Directions: A verbatim repetition of the data below is requested, without images.

(Available data)

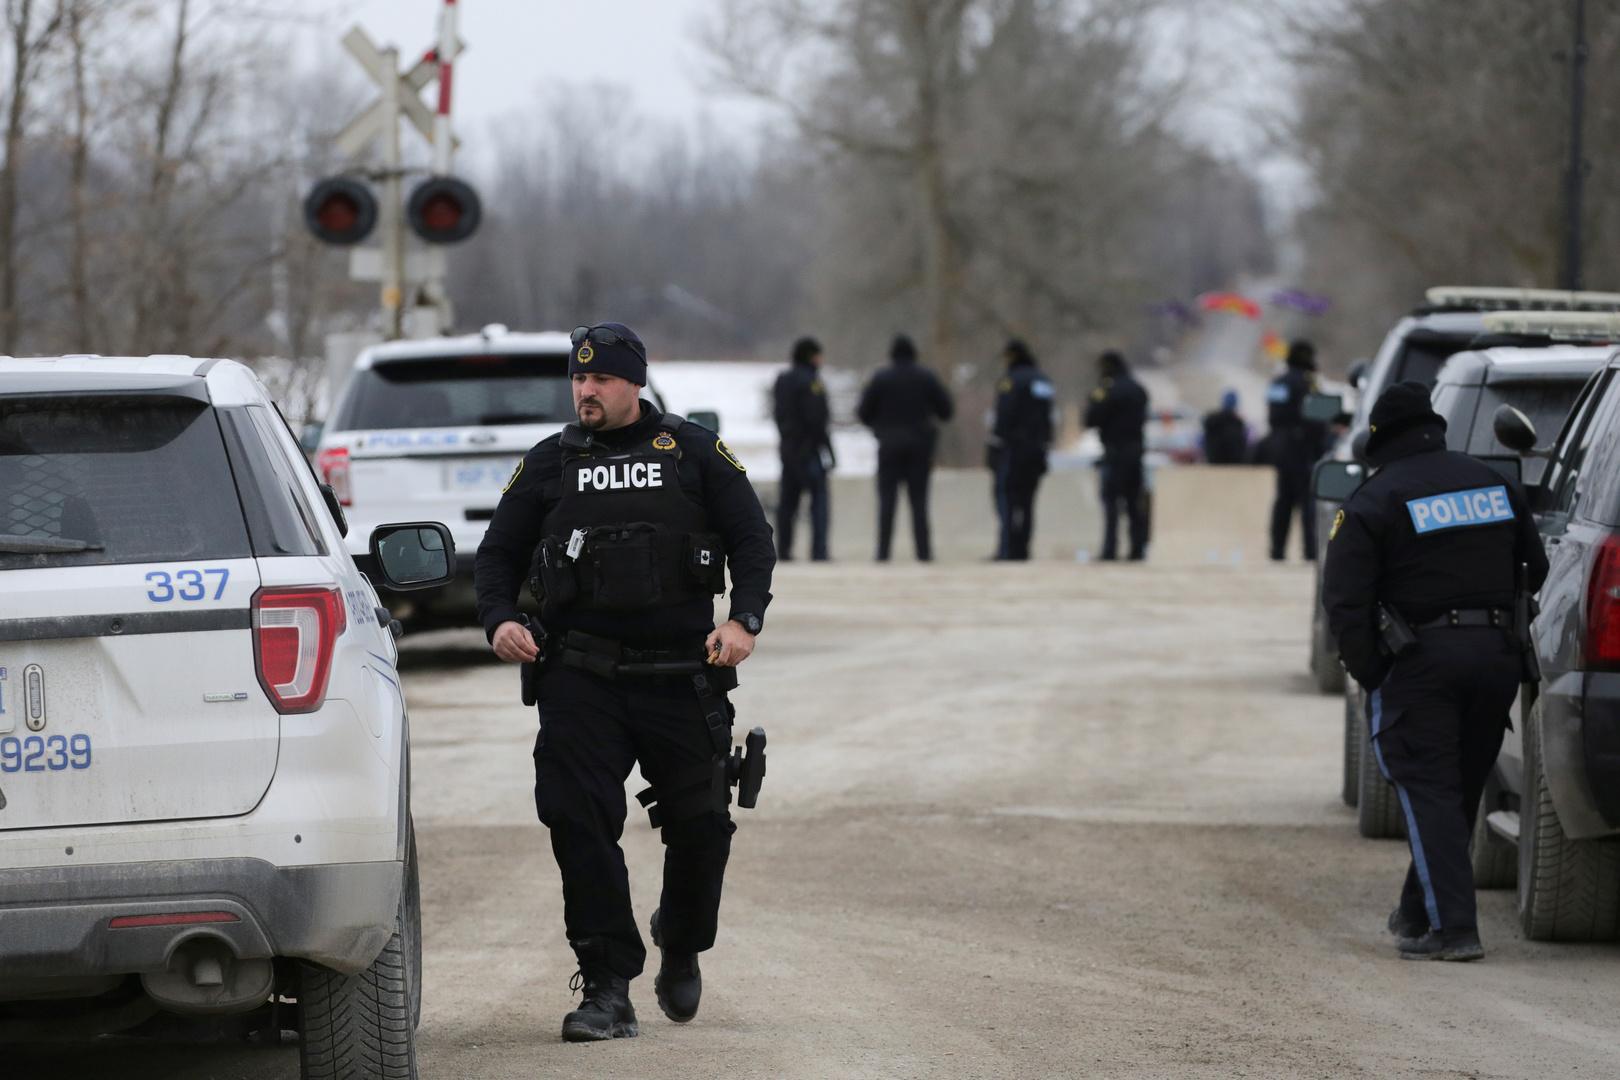 كندا..عملية طعن في مقاطعة كيبيك توقع عددا من القتلى والجرحى
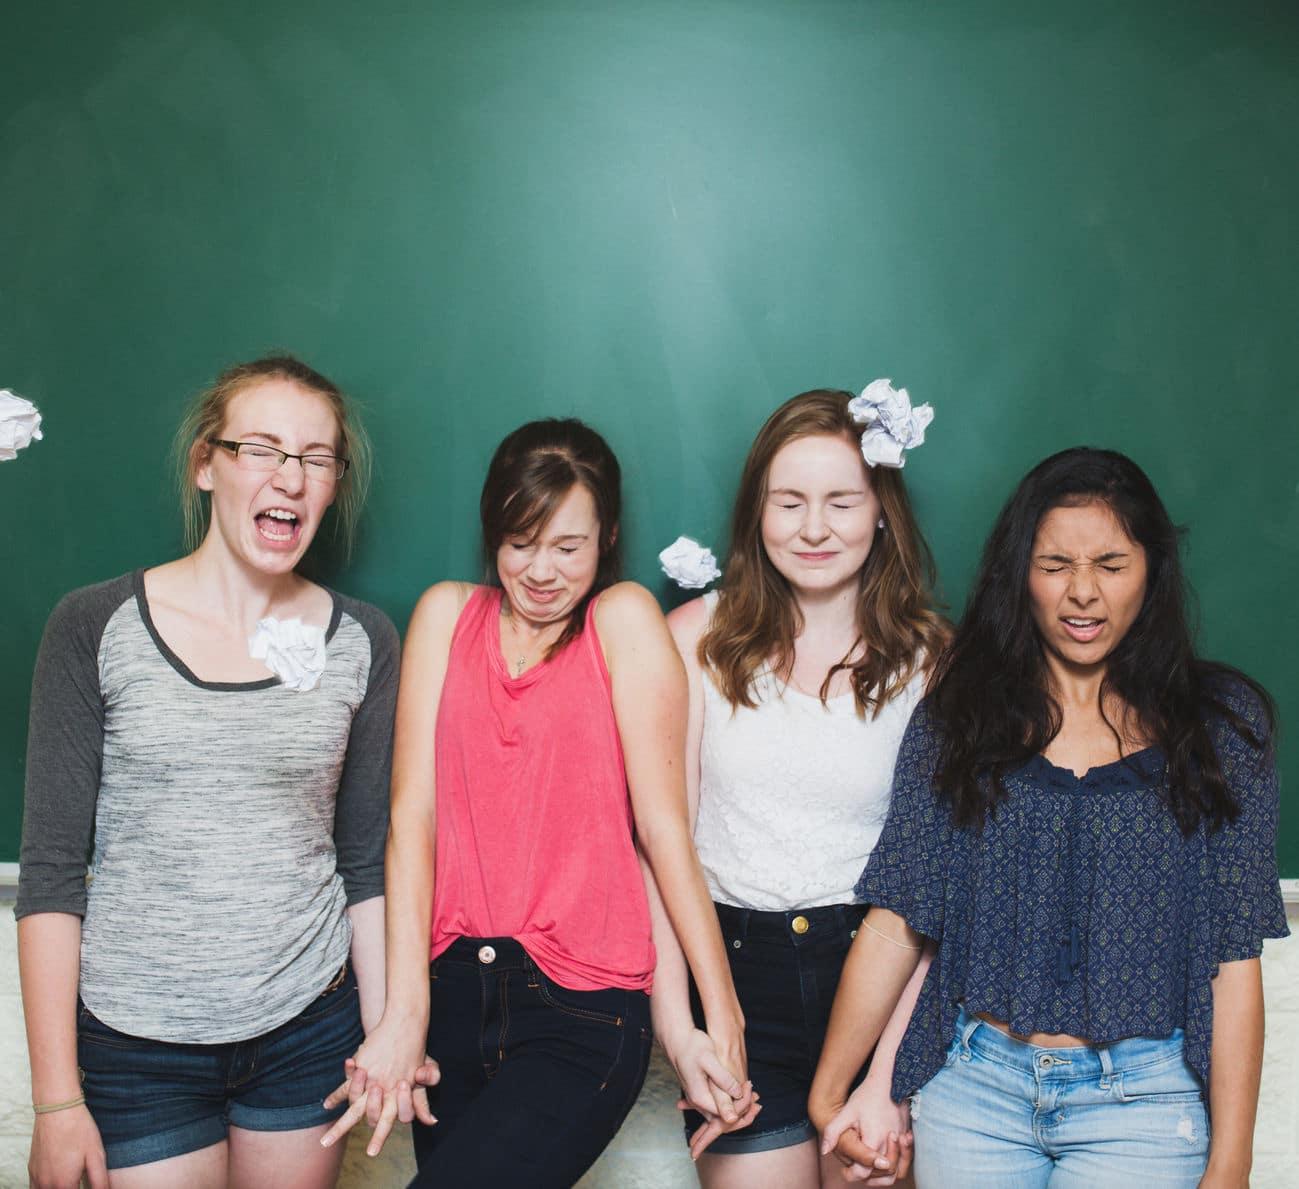 Gruppe von Mädchen
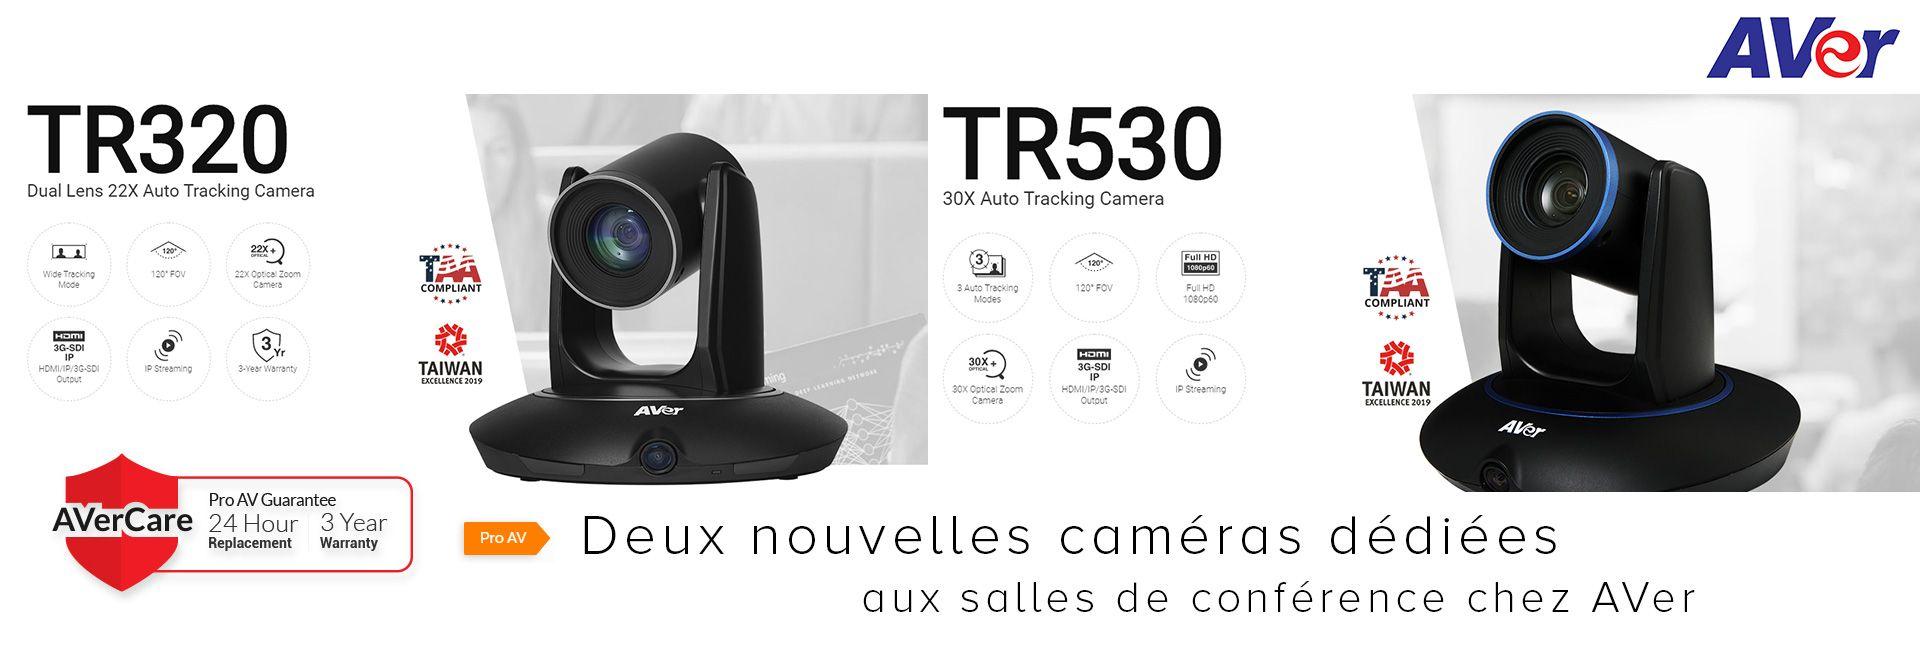 deux nouvelles caméras dédiées aux salles de conférence chez AVer

(End Available data)

Response to this task:
 كندا..عملية طعن في مقاطعة كيبيك توقع عددا من القتلى والجرحى
 Gruppe von Mädchen
 deux nouvelles caméras dédiées aux salles de conférence chez AVer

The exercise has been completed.